__Collected material__

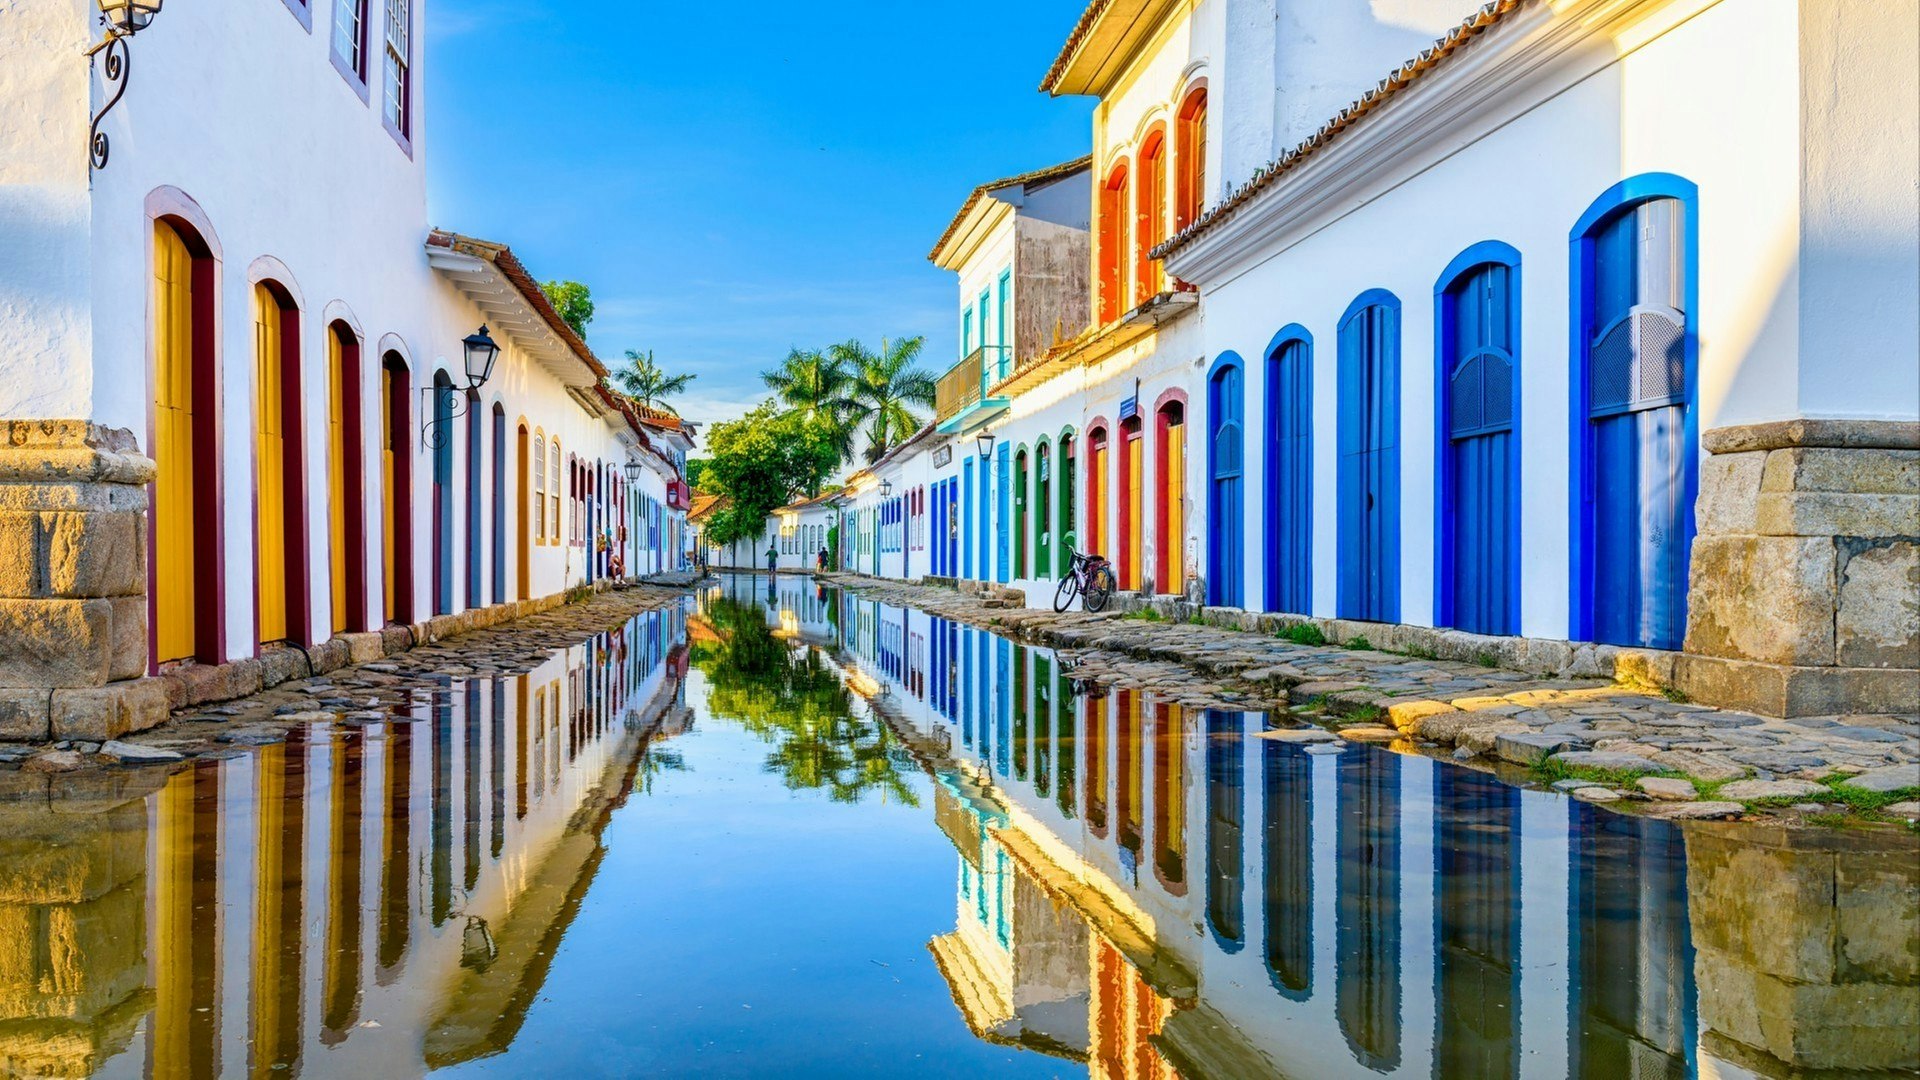 Paraty is a preserved Portuguese colonial and Brazilian Imperial municipality
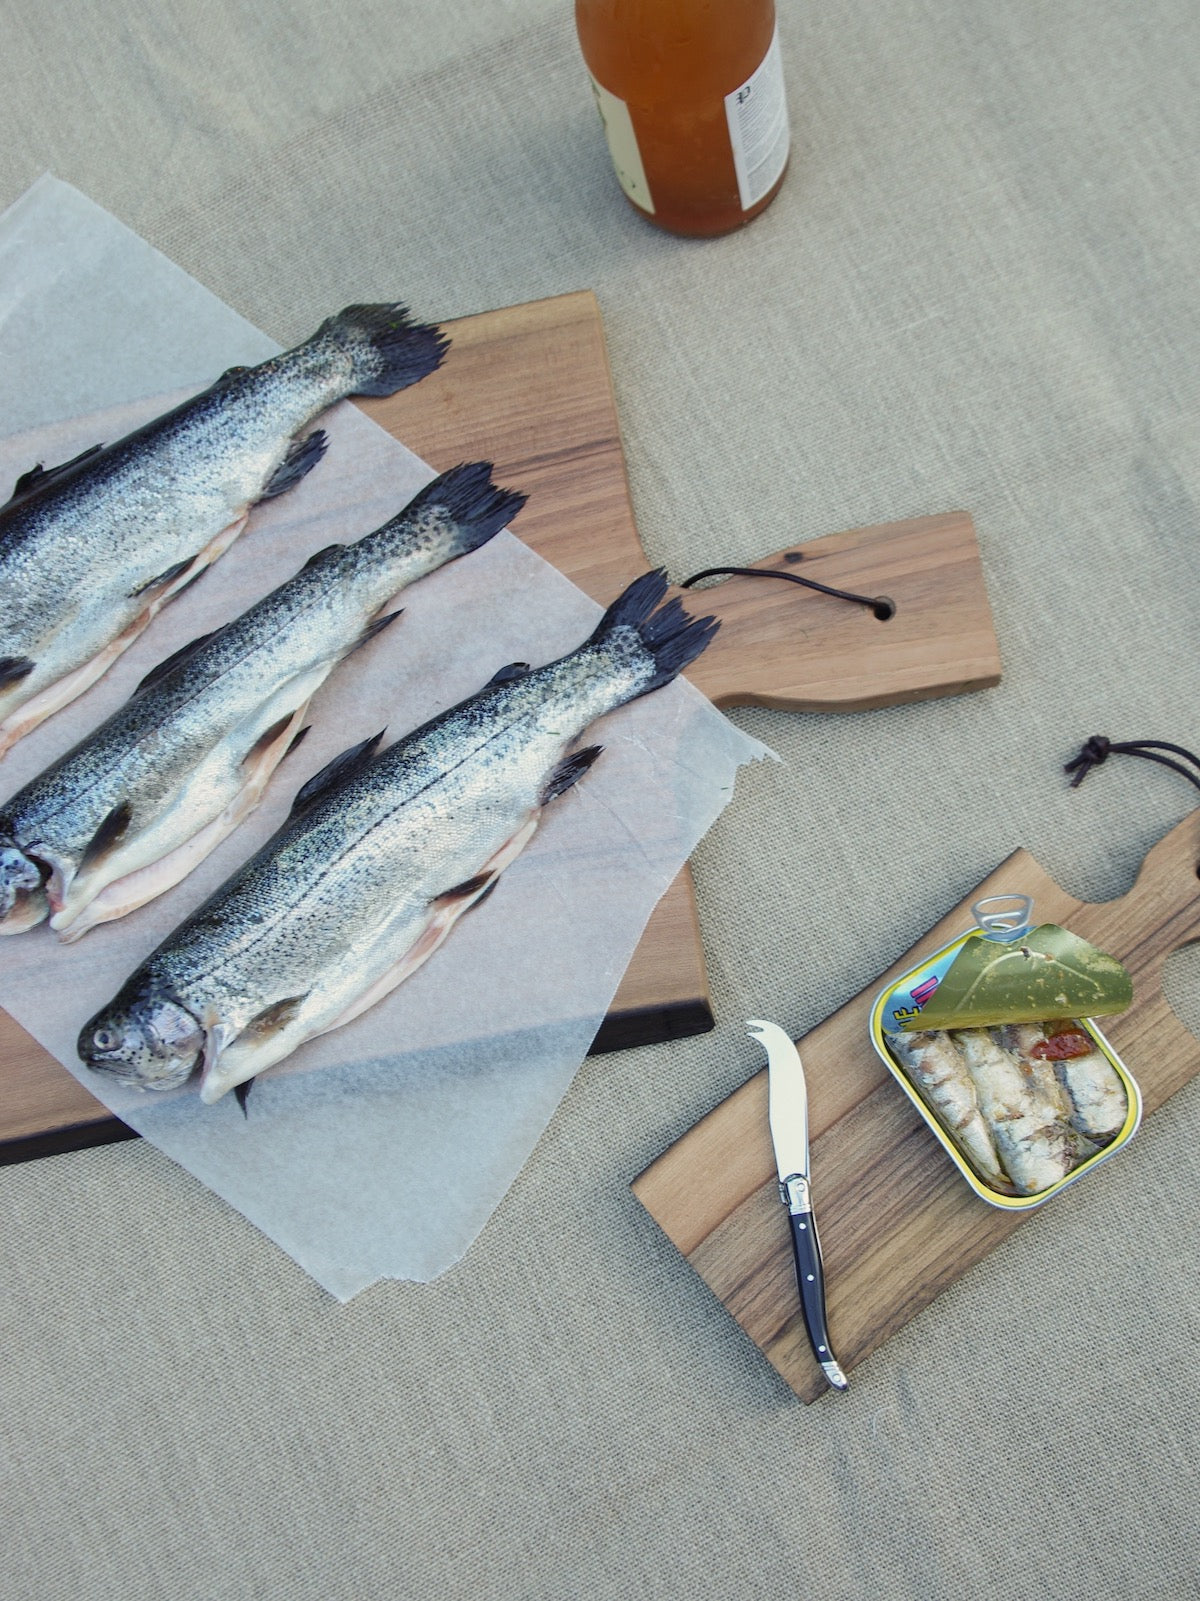 Sardines and fish on two wooden cutting boards with handles.
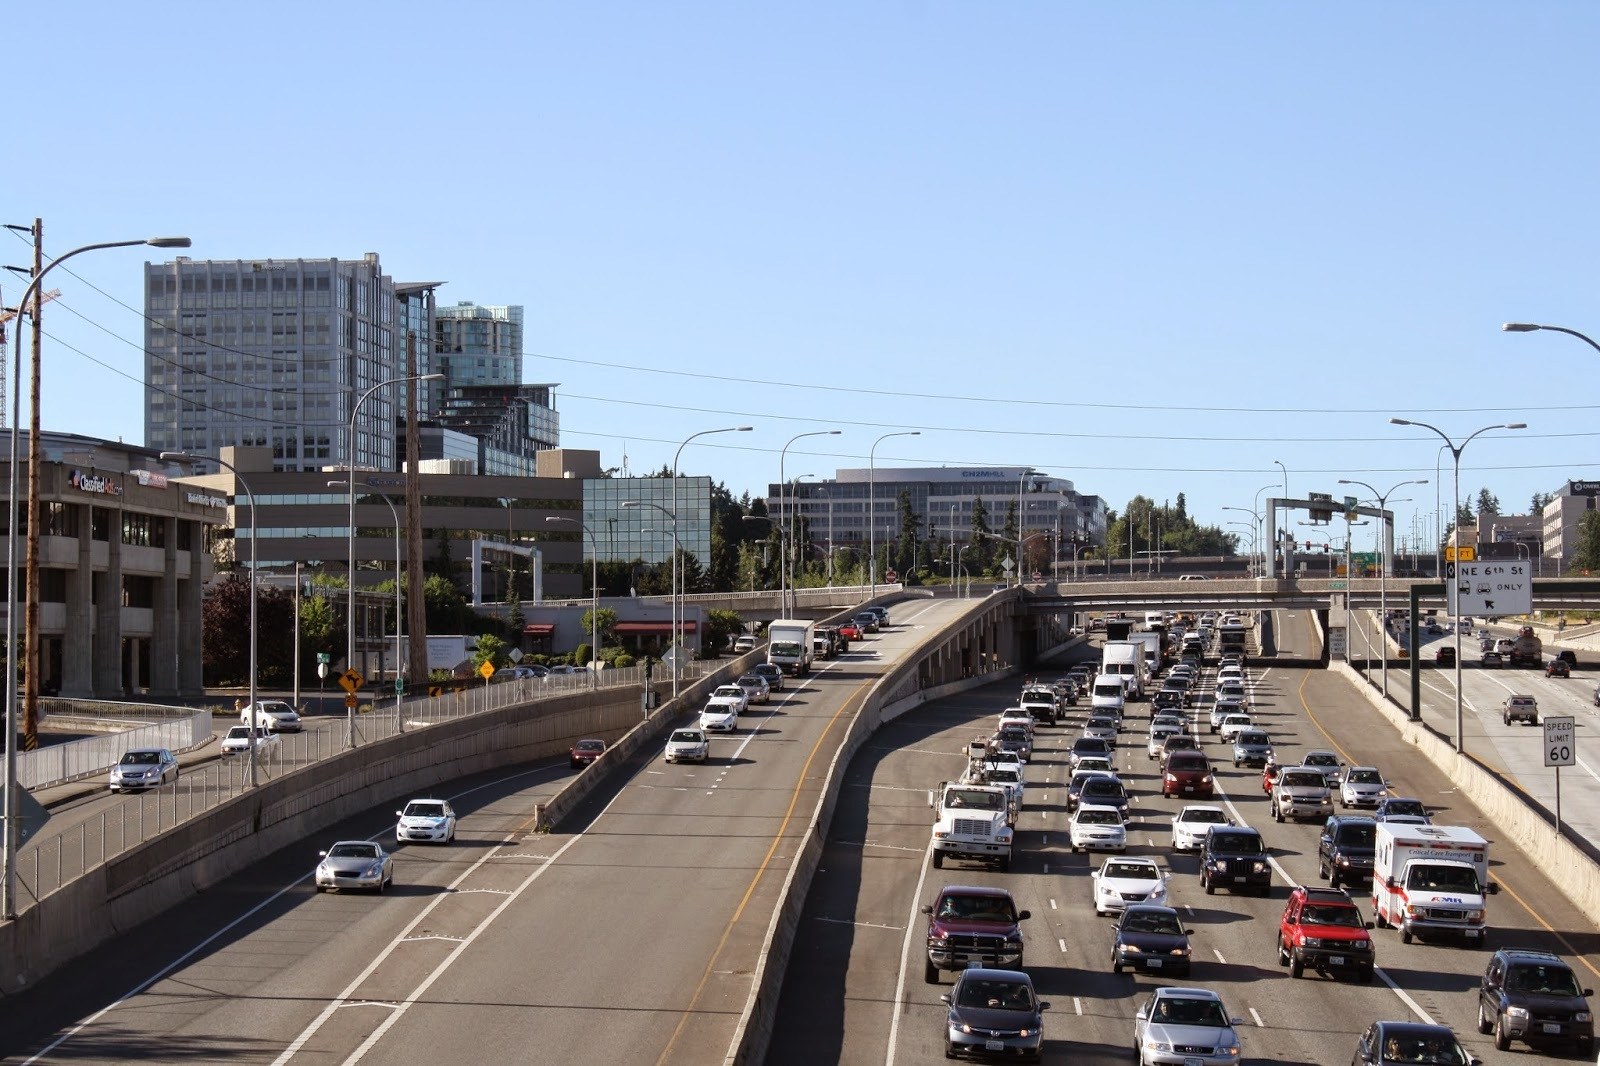 The Washington State Department of Transportation will host two neighborhood open houses in early September to provide updates on the I-405 Renton to Bellevue Widening and Express Toll Lanes project. Photo courtesy of WSDOT

__Exercise details__
Find the line with "Sardines and fish" in the listing above, then write it out along with every later line through the last one, exactly, omitting pictures.

__Exercise result__
 Sardines and fish on two wooden cutting boards with handles.
 The Washington State Department of Transportation will host two neighborhood open houses in early September to provide updates on the I-405 Renton to Bellevue Widening and Express Toll Lanes project. Photo courtesy of WSDOT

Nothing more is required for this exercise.